Let’s take Cam Newton for example. I think the perception of Cam changes if the bar gets lowered a little. People will see the things he can do — throw deep, pick up first downs with his legs and be durable — more than the things he can’t — run a 4-wide offense like Peyton Manning.


I think part of the reason people might convince Manning to stick around is his 2013 performance: 68 percent completions, 5,477 yards, 55 touchdowns, only 10 interceptions and 8.3 yards per pass. But I think we should take into account: Peyton was playing with by far the best set of skill position players he’s ever had and the scheme, with lots of short throws, helped compensate for a loss of arm strength.

It’s a good thing one of the purveyors of that scheme, head coach John Fox, is still around … Hold on … Wait, you’re telling me the Broncos fired John Fox?
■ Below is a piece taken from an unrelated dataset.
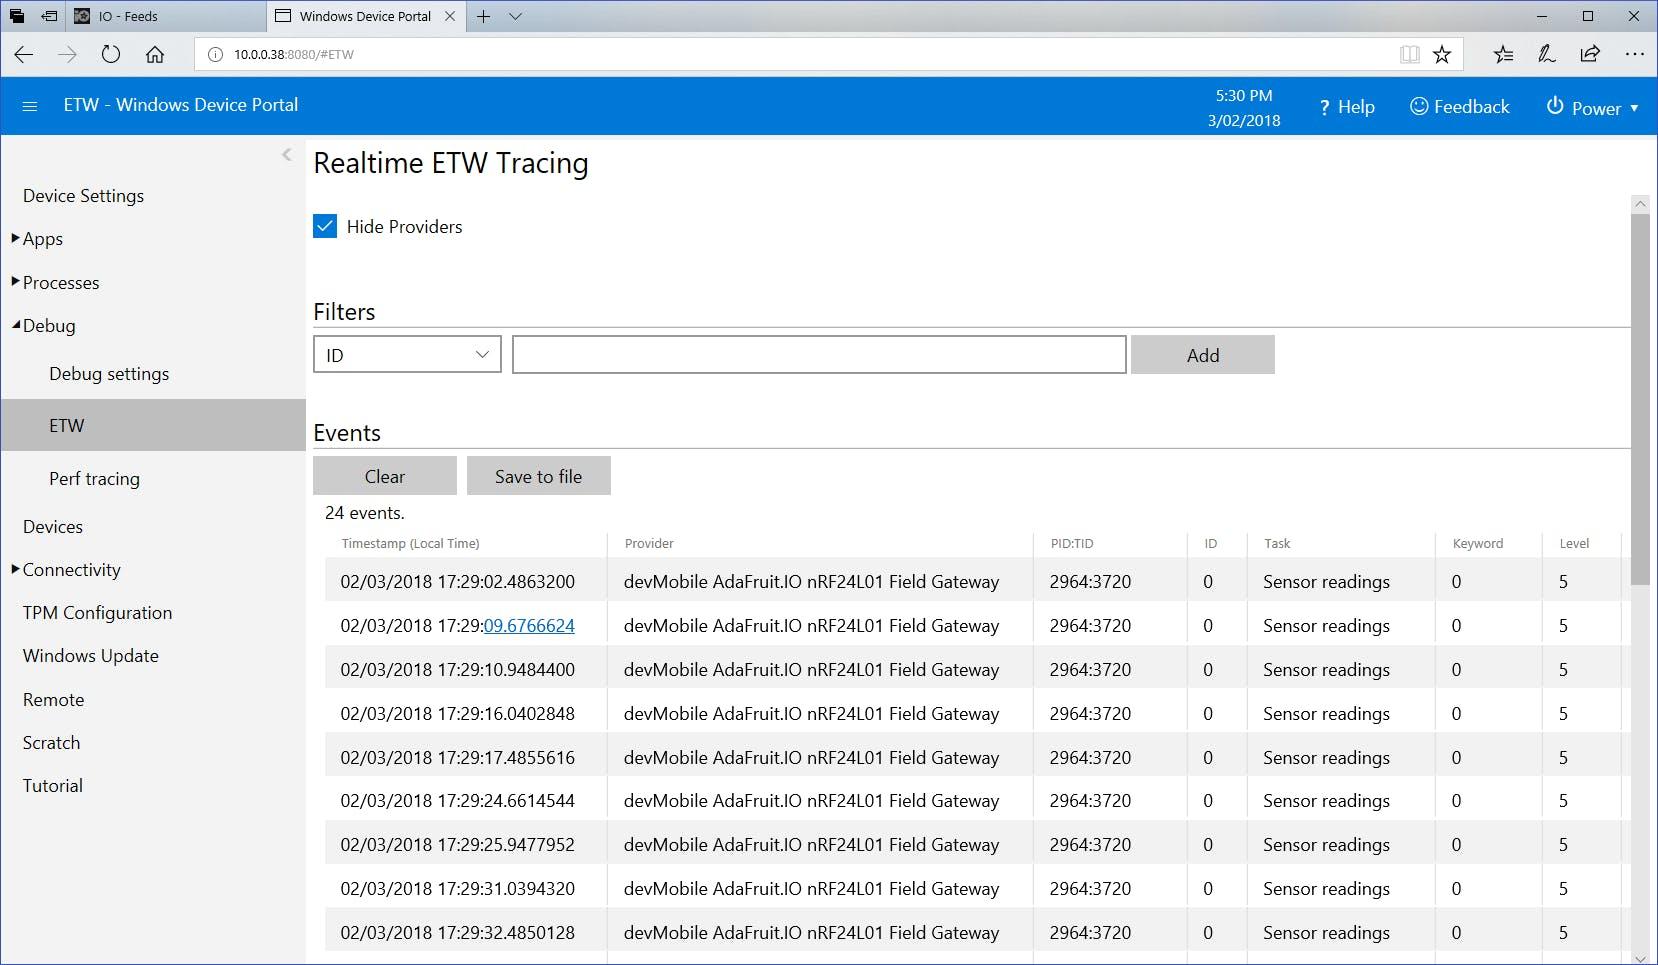 Windows 10 ETW events viewed using device portal

What the Hell is going on out here?

Seriously, the Broncos are out of their collective horse minds if they think they can find a better coach than John Fox.

Here’s the active coaches who have coached in a Super Bowl:

  • Bill Bilechick (3-2)
  • Tom Coughlin (win, win)
  • Mike Tomlin (win, loss)
  • John Harbaugh (win)
  • Pete Carroll (win)
  • Mike McCarthy (win)
  • Sean Payton (win)
  • Jeff Fisher (loss)
  • Jim Caldwell (loss)
  • Andy Reid (loss)
  • Lovie Smith (loss)

So John Fox is one of four active coaches, because he’s already got a job with the Bears, who’s coached two Super Bowls. All the rest of those guys are happily married with their current teams. Jim Harbaugh (loss) would have been an interesting candidate but he’s stuck with the Michigan job for now.

Now there are some other guys floating around. I think I’ll break them down one-by-one.

Mike Shanahan

I like to think this is what he looked like when he watched RG3's knee explode.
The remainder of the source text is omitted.